*Recorded information*
------------------------

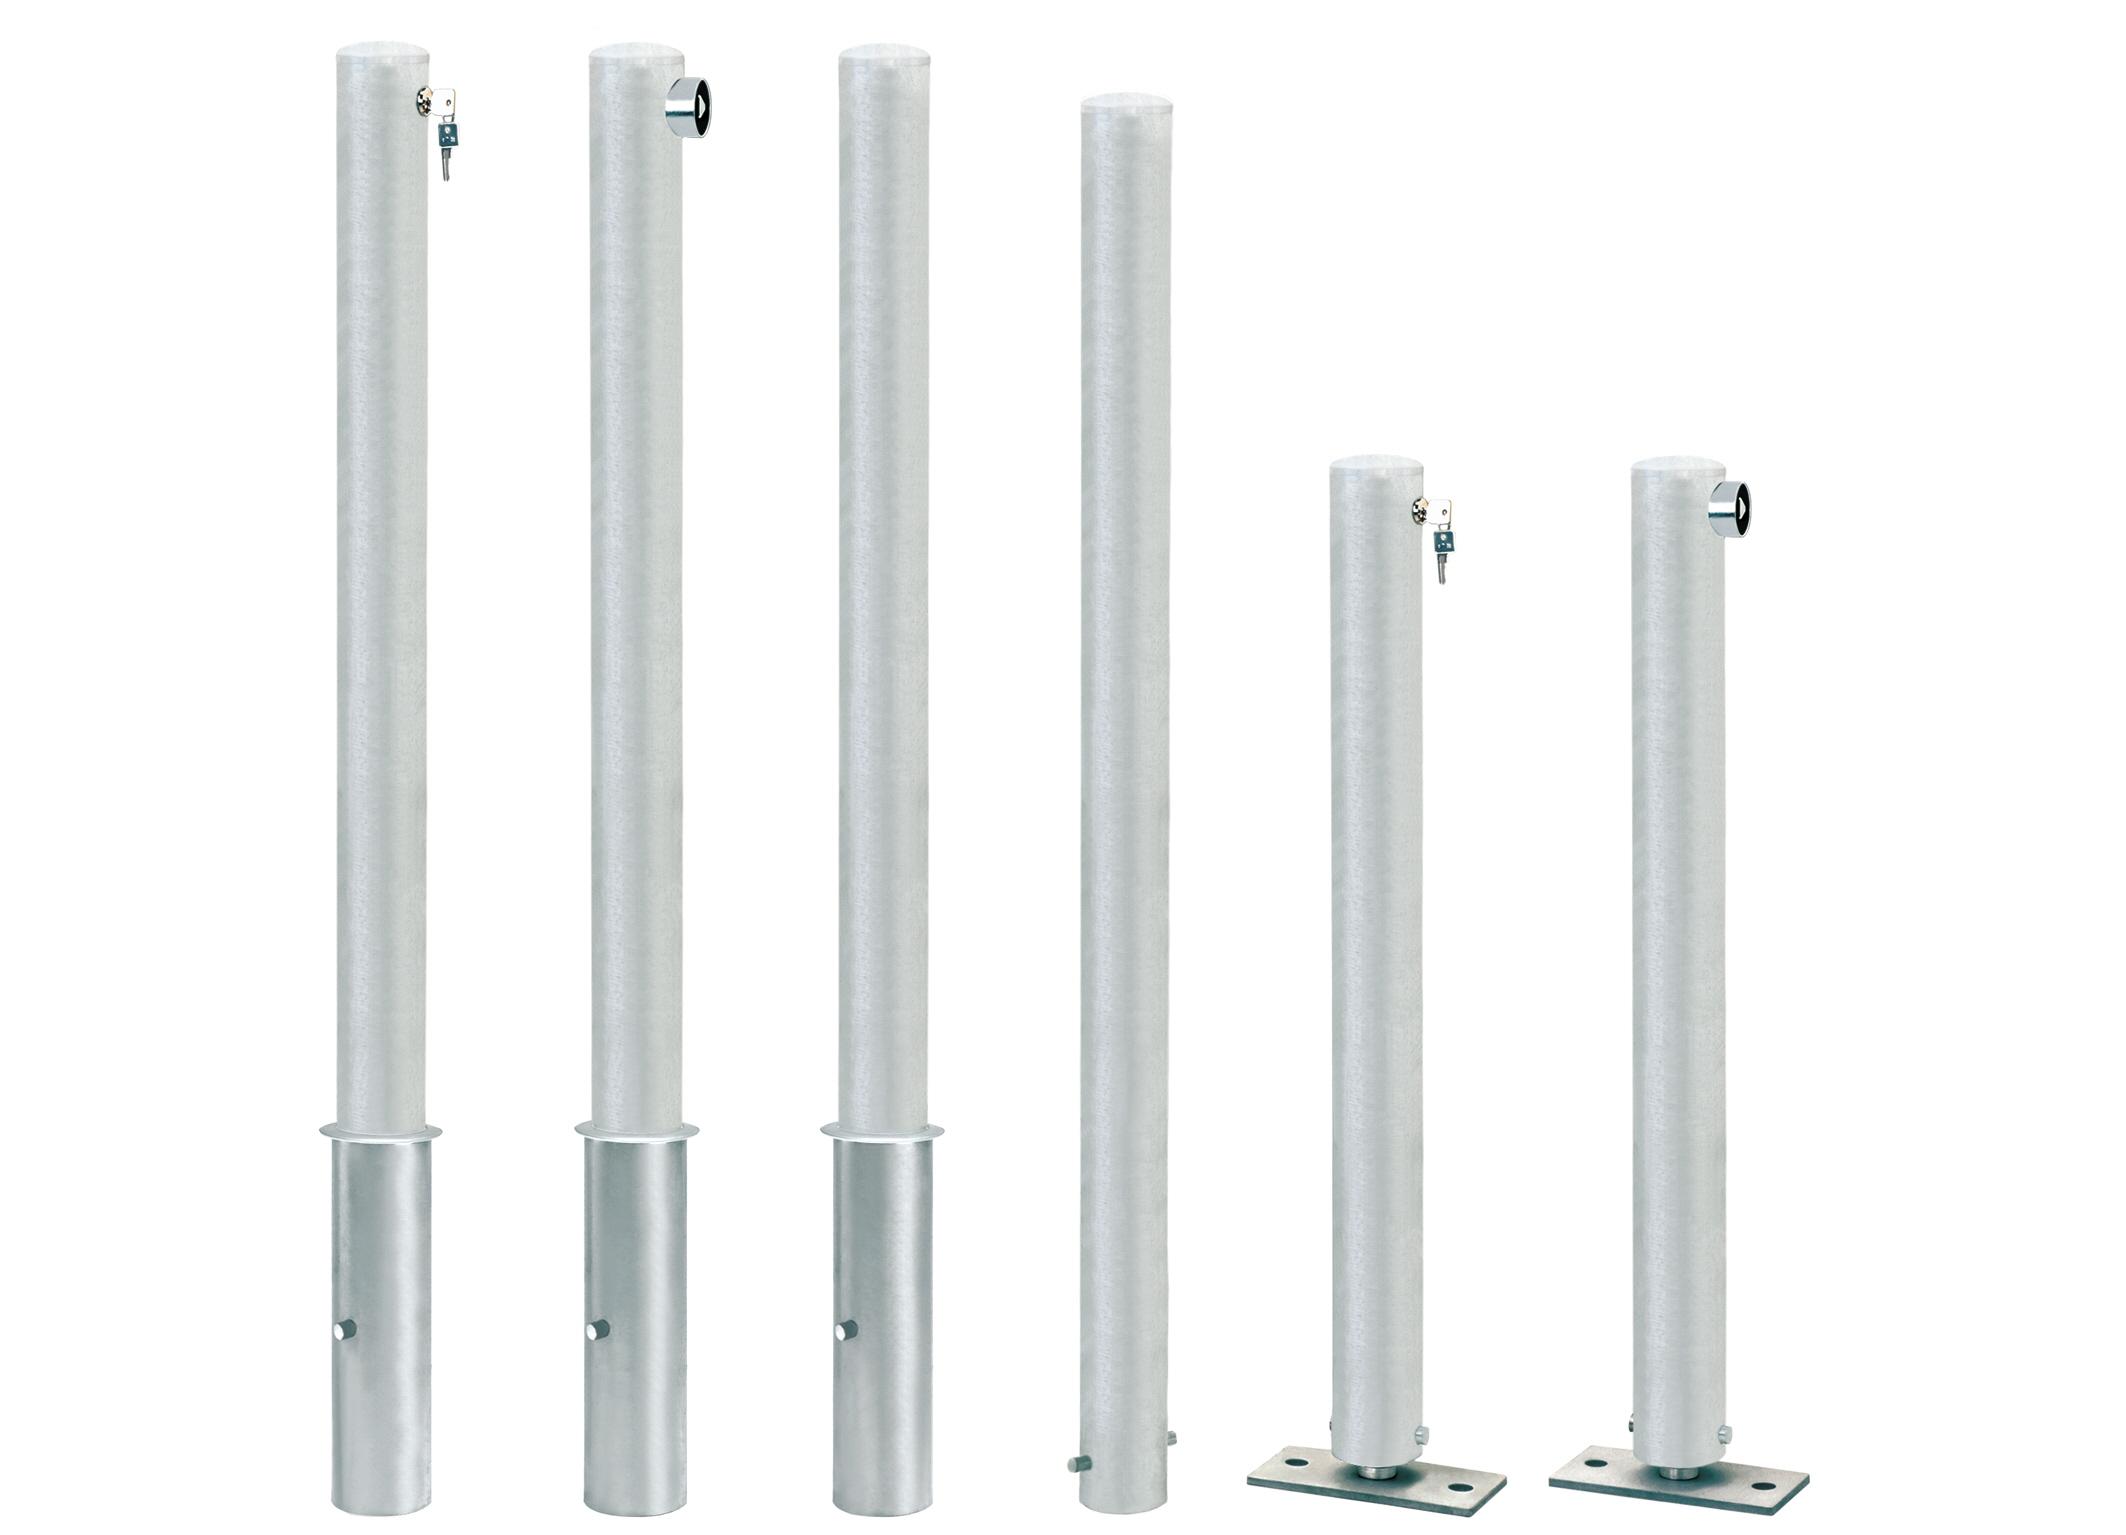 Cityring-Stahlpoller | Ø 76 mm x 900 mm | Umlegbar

------------------------

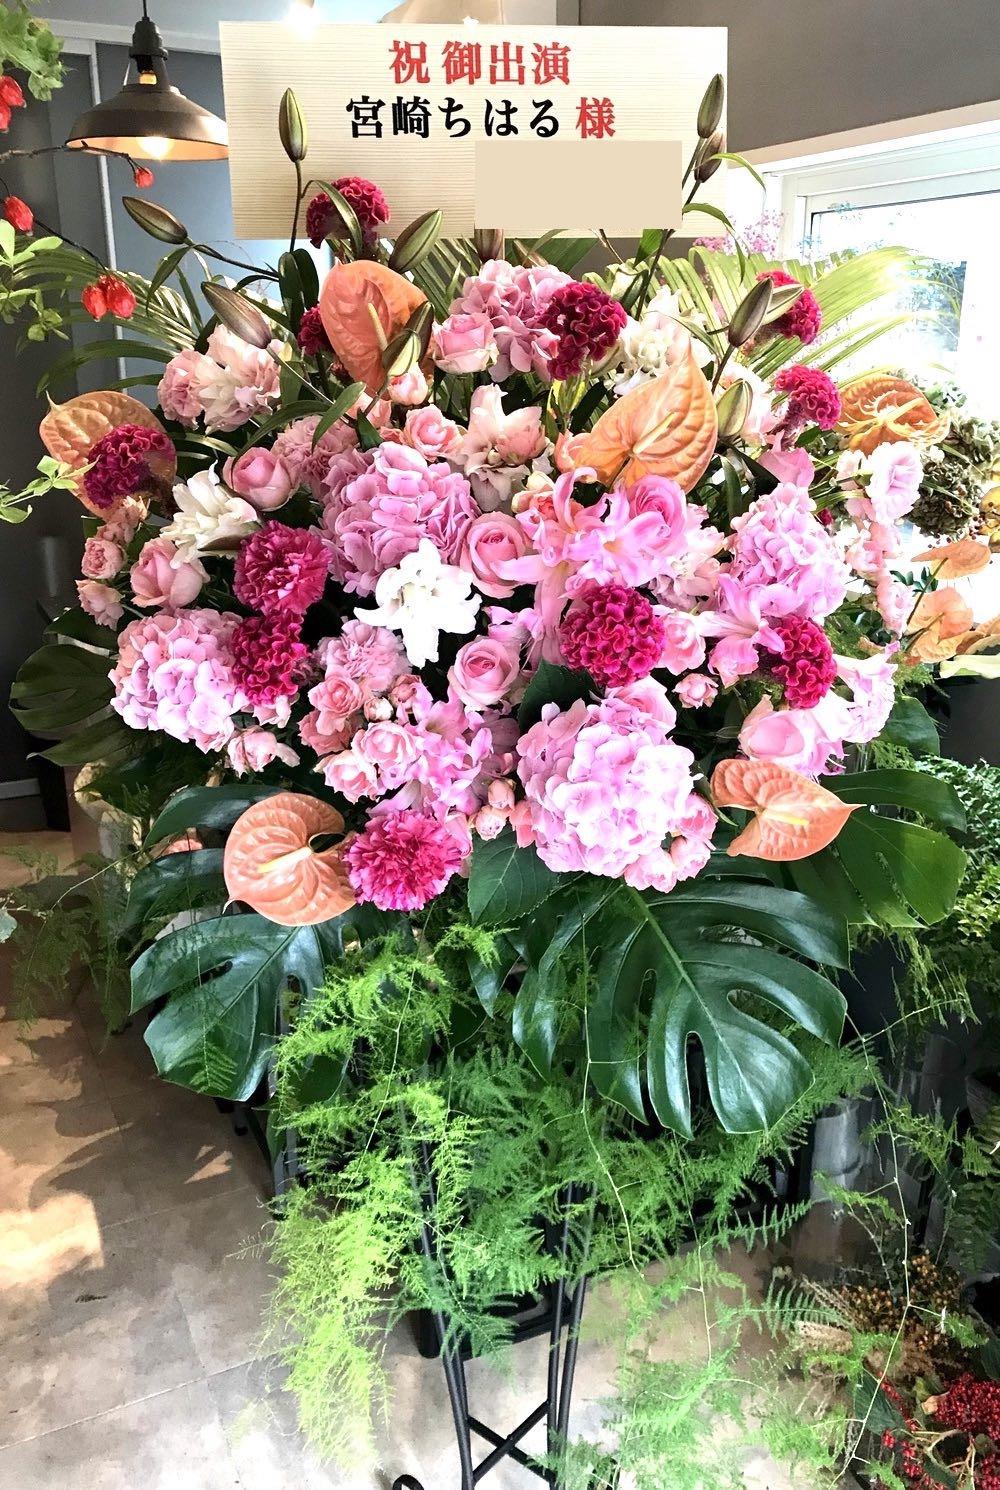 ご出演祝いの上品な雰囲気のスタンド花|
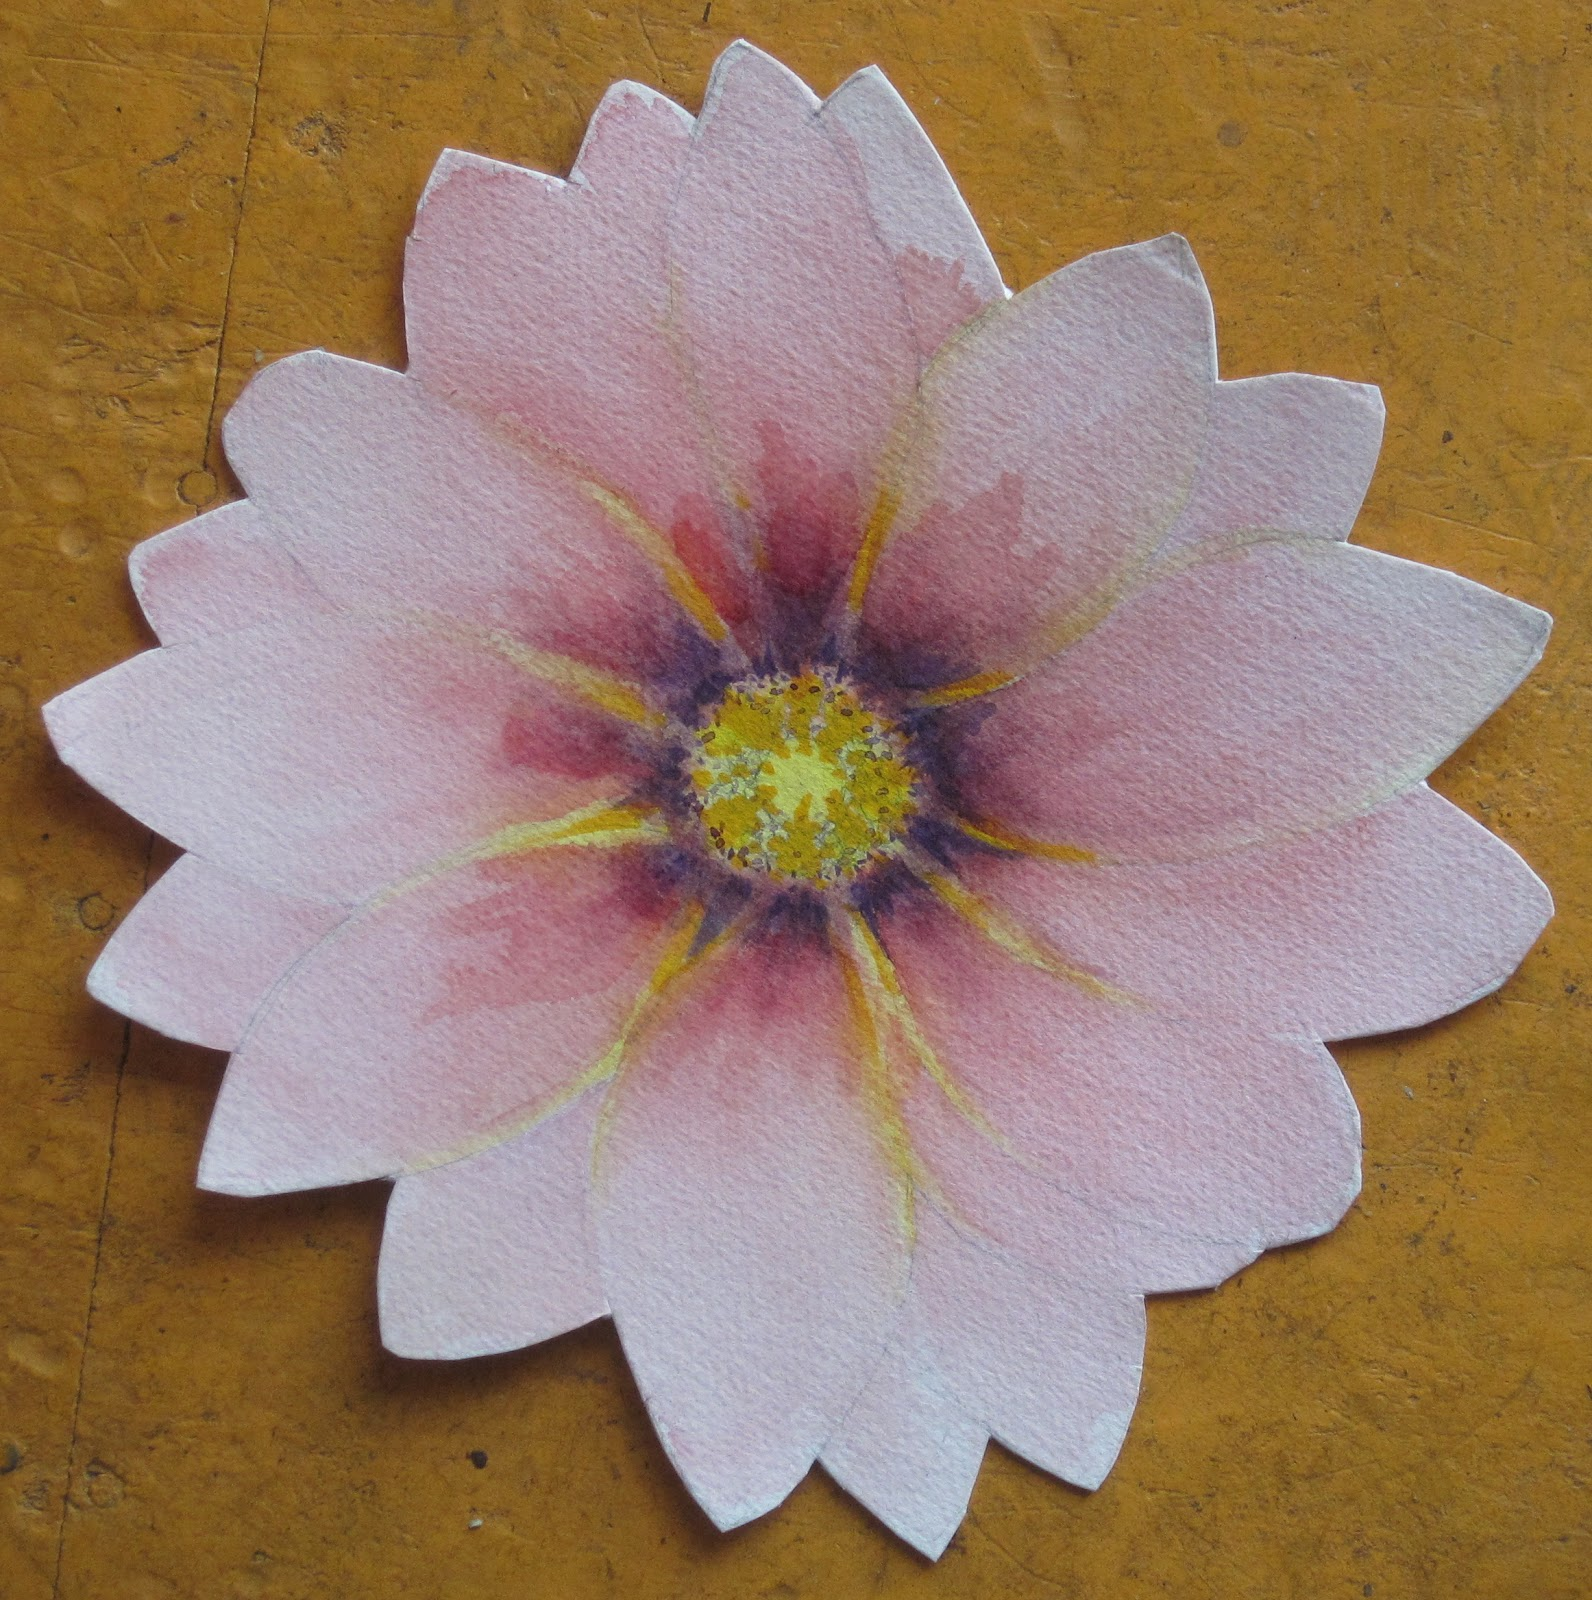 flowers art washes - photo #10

------------------------

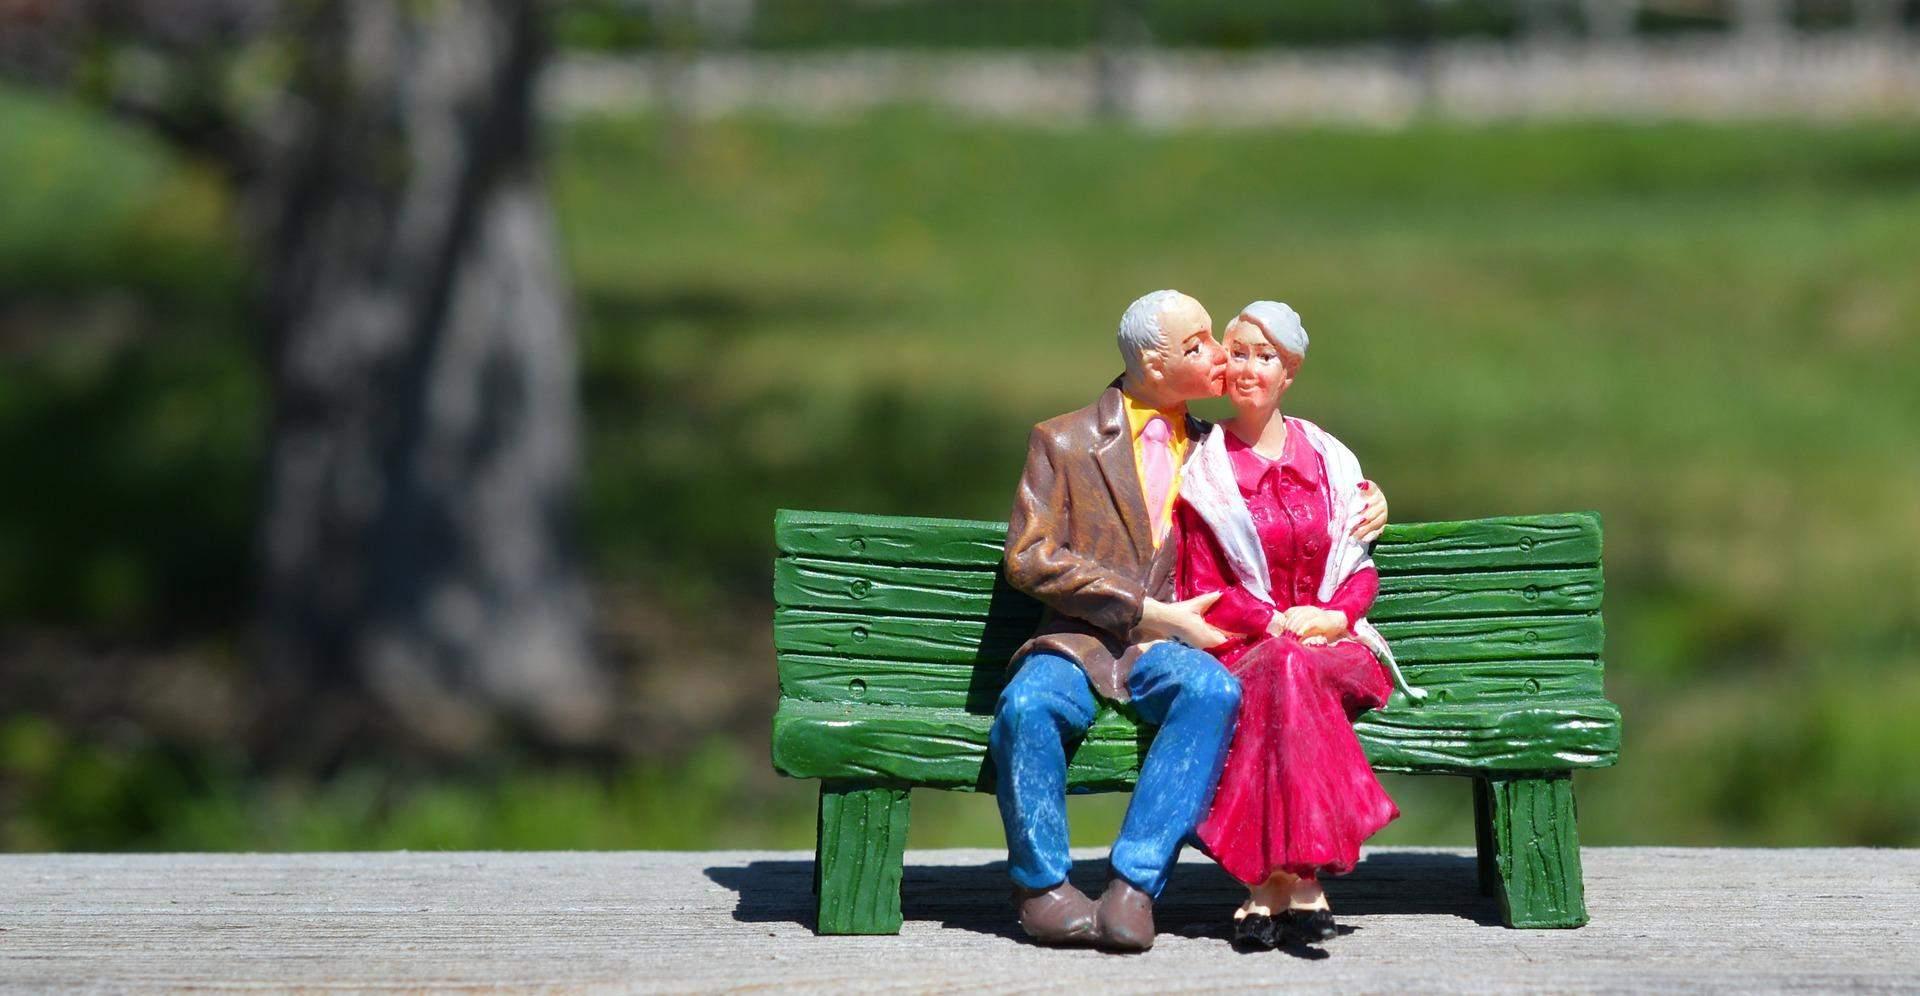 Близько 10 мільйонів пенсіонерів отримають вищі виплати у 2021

------------------------

*Task requirements*
Start at the line containing "ご出演祝いの上品な雰囲気のスタンド花|" above and stop at the line containing "flowers art washes - photo #10". Output those lines exactly, both included, but none of the pictures.

*Finished exercise*
 ご出演祝いの上品な雰囲気のスタンド花|
 flowers art washes - photo #10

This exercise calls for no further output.